I've asked this question on #solr and was pointed to
https://wiki.apache.org/solr/SolrReplication?highlight=%28backup%29#HTTP_API
which
is helpful but is not an automatic backup in the context of full-import's.
I'm wondering if anyone else has done this work yet.
-- Artem Shnayder
Re: DataImportHandler: backups prior to full-import
Posted by Bill Bell <bi...@gmail.com>.
You could use the Solr Command Utility SCU that runs from Windows and can be scheduled to run.
https://github.com/justengland/Solr-Command-Utility
This is a windows system that will index using a core, and swap it if it succeeds. It works it's Solr.
Let me know if you have any questions.
On Mar 28, 2012, at 10:11 PM, Shawn Heisey <so...@elyograg.org> wrote:
> On 3/28/2012 12:46 PM, Artem Shnayder wrote:
>> Does anyone know of any work done to automatically run a backup prior to a
>> DataImportHandler full-import?
>>
>> I've asked this question on #solr and was pointed to
>> https://wiki.apache.org/solr/SolrReplication?highlight=%28backup%29#HTTP_API
>> which
>> is helpful but is not an automatic backup in the context of full-import's.
>> I'm wondering if anyone else has done this work yet.
>
> I have located a previous message from you where you mention that you are on Ubuntu. If that's true, you can use hard links to make nearly instantaneous backups with a single command:
>
> ln /path/to/index/* /path/to/backup/.
>
> One caveat to that - the backup must be on the same filesystem as the index. If keeping backups on another filesystem (or even another computer) is important, then treat the hard link backup as a temporary directory. Copy the files from that directory to your remote location, then delete them.
>
> This works because of the way that Lucene (and by extension Solr) manages files on disk - existing segment files are never modified. If they get merged, new files are created before the old ones are deleted. There is only one file in an index directory that does change without getting a new name - segments.gen. I have verified (on Solr 3.5) that even this file is properly handled so that a hard link backup keeps the correct version.
>
> For people running on Windows, this particular method won't work. Newer Windows server versions do have one feature that might actually make it possible to do something similar - shadow copies. I do not know how to leverage the feature, though.
>
> Thanks,
> Shawn
>
Re: DataImportHandler: backups prior to full-import
Posted by Shawn Heisey <so...@elyograg.org>.

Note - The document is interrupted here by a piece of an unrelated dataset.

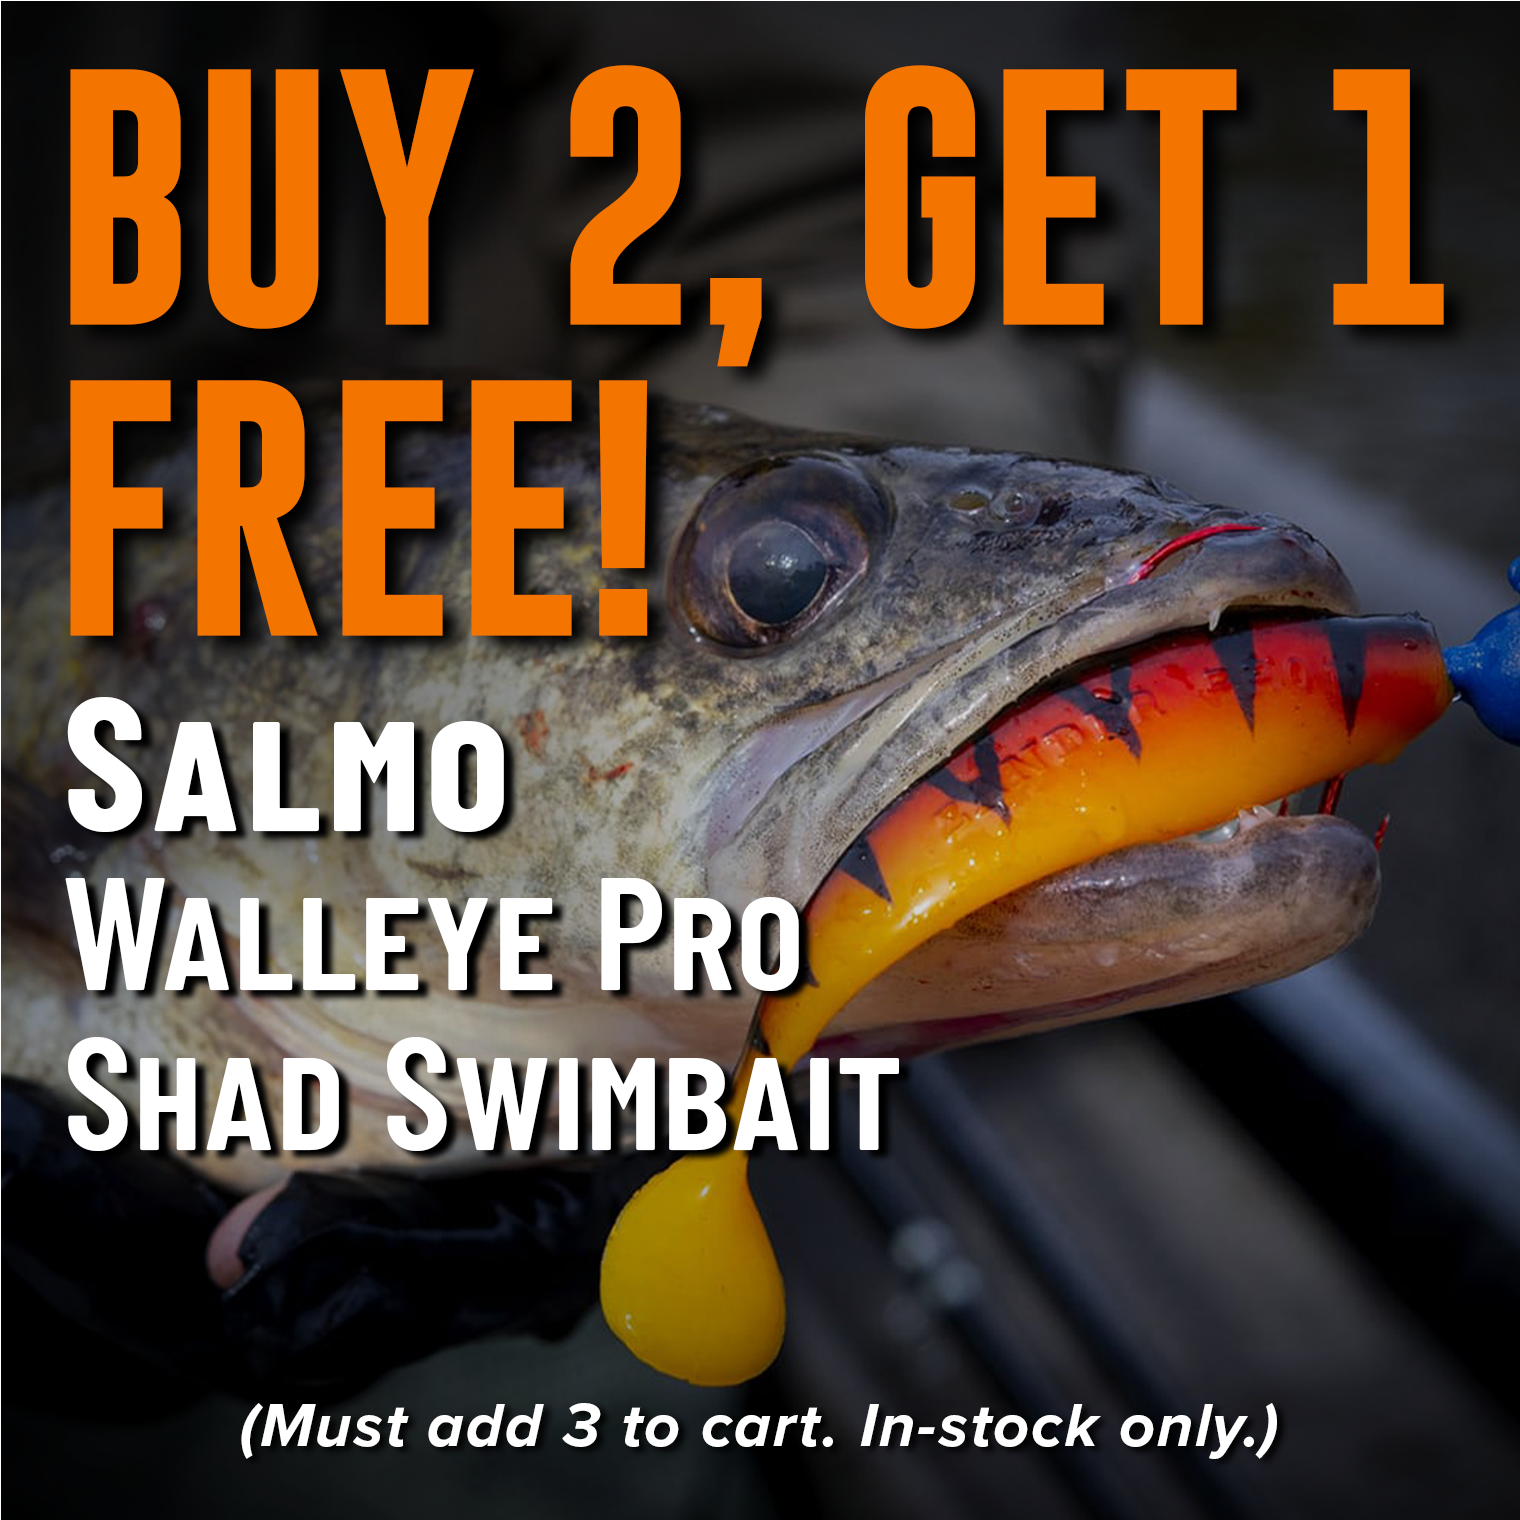 Buy 2, Get 1 Free! Salmo Walleye Pro Shad Swimbait (Must add 3 to cart. In-stock only.)

On 3/28/2012 12:46 PM, Artem Shnayder wrote:
> Does anyone know of any work done to automatically run a backup prior to a
> DataImportHandler full-import?
>
> I've asked this question on #solr and was pointed to
> https://wiki.apache.org/solr/SolrReplication?highlight=%28backup%29#HTTP_API
> which
> is helpful but is not an automatic backup in the context of full-import's.
> I'm wondering if anyone else has done this work yet.
I have located a previous message from you where you mention that you
are on Ubuntu. If that's true, you can use hard links to make nearly
instantaneous backups with a single command:
ln /path/to/index/* /path/to/backup/.
One caveat to that - the backup must be on the same filesystem as the
index. If keeping backups on another filesystem (or even another
computer) is important, then treat the hard link backup as a temporary
directory. Copy the files from that directory to your remote location,
then delete them.
This works because of the way that Lucene (and by extension Solr)
manages files on disk - existing segment files are never modified. If
they get merged, new files are created before the old ones are deleted.
There is only one file in an index directory that does change without
getting a new name - segments.gen. I have verified (on Solr 3.5) that
even this file is properly handled so that a hard link backup keeps the
correct version.
For people running on Windows, this particular method won't work. Newer
Windows server versions do have one feature that might actually make it
possible to do something similar - shadow copies. I do not know how to
leverage the feature, though.
Thanks,
Shawn